Karike Ashworth, ‘The Crisis of Neoliberal Feminine Bravery’, (Queensland University of Technology)

Karike Ashworth’s PhD practice-led research employs cross-disciplinary methods to examine how neoliberal constructions of feminine bravery reinforce prescriptive and restrictive behaviour standards for women. Using performance, video, textiles and immersive installations to explore conceptions of feminine bravery, the research led to the development of a parodic persona, ‘Brave Girl’, who is a mock super-hero/medieval warrior inspired by popular culture, online media, cosplay and comic strip characters.

HIGHLY COMMENDED

Tai Mitsuji, ‘Art History: A Slow Discipline in a Fast World’, (Harvard University)

How can art history respond to the speed of the contemporary?

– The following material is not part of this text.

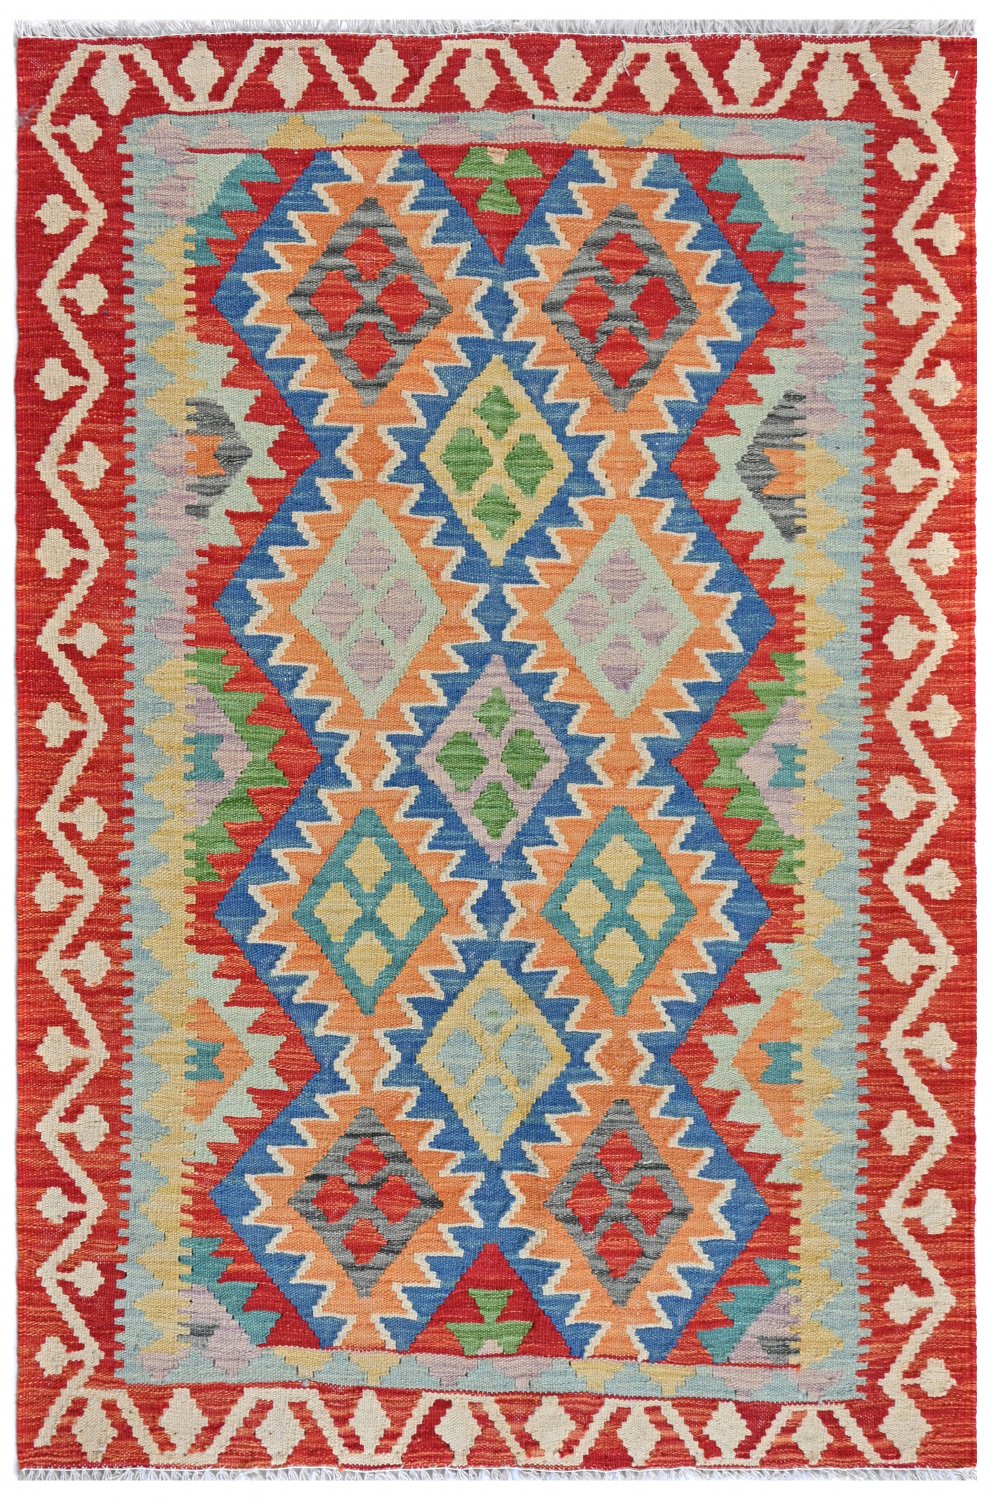 Kelim Teppich Afghan 155 x 105 cm
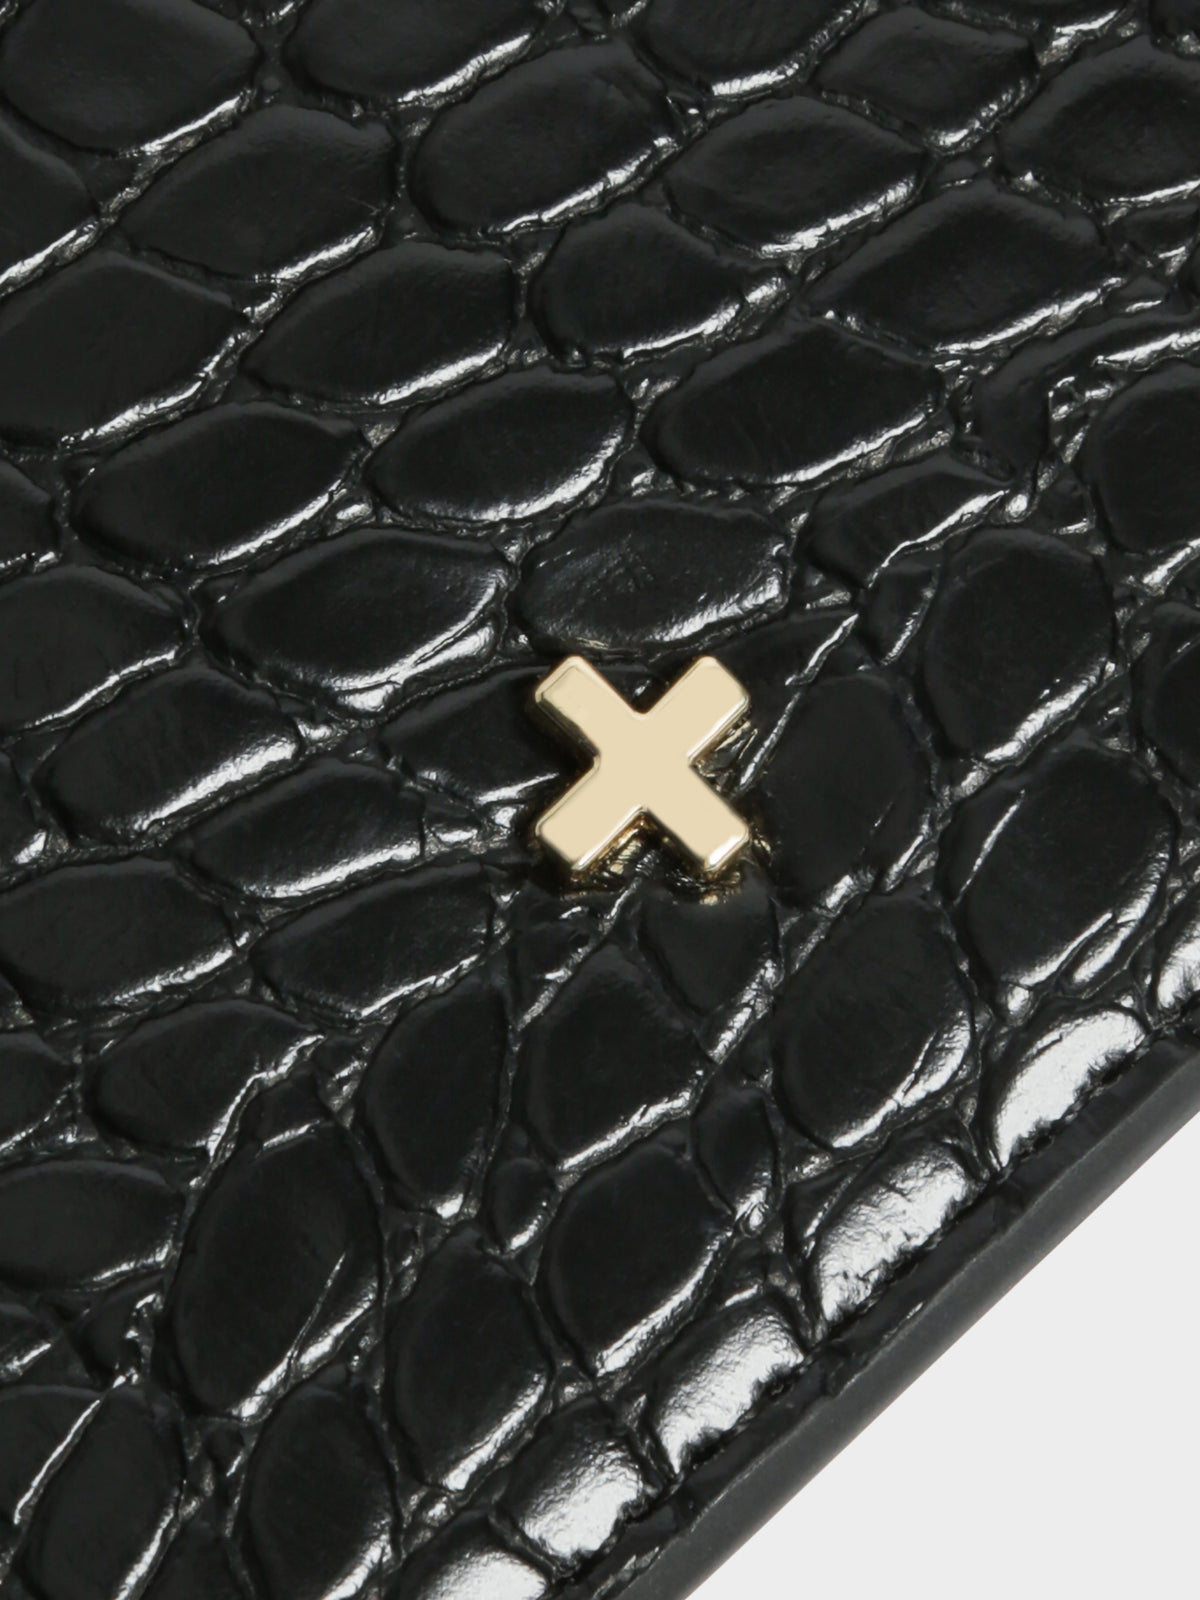 Marley Slim Wallet in Black Croc Skin

How can the academic discipline – defined by peer-review and extended publishing timelines – adjust to the era of Twitter instantaneity and the 15 minute book? In my lecture, I leap (somewhat biographically) between textual examples, dissecting both the practical substance and the phenomenological dimensions of our contemporary pace. All of this leaping is in the service of understanding a slow discipline in a fast world.

OTHER ENTRIES

Lisa Philip-Harbutt, ‘From Community Artist to Leadership Bricoleur, (Freelancer)

This is a short visual story of Lisa Philip-Harbutt’s PhD. After 35 years working as a community artist Philip-Harbutt was interested in venturing into a context far from her usual experience, so she took on a PhD in the Business School. She found people searching for new models of leadership but still working within systems that were biased toward the charismatic hero. Informed by Arts-based research, Philip-Harbutt ran a series of art interventions in academic and industry workplaces, playfully pursuing post-heroic forms of Shared Leadership.

Nikolas Orr, ‘Digital archives and social media as sources’, (University of Newcastle)

With lock-downs preventing international travel and access to physical information sources, resilience and pragmatism have never been more important qualities for researchers. A PhD can’t simply stop in the face of adversity, but may need to be reformed to work within the ‘new normal’. This talk proposes practical methods for contemporary transnational historical research in the current context.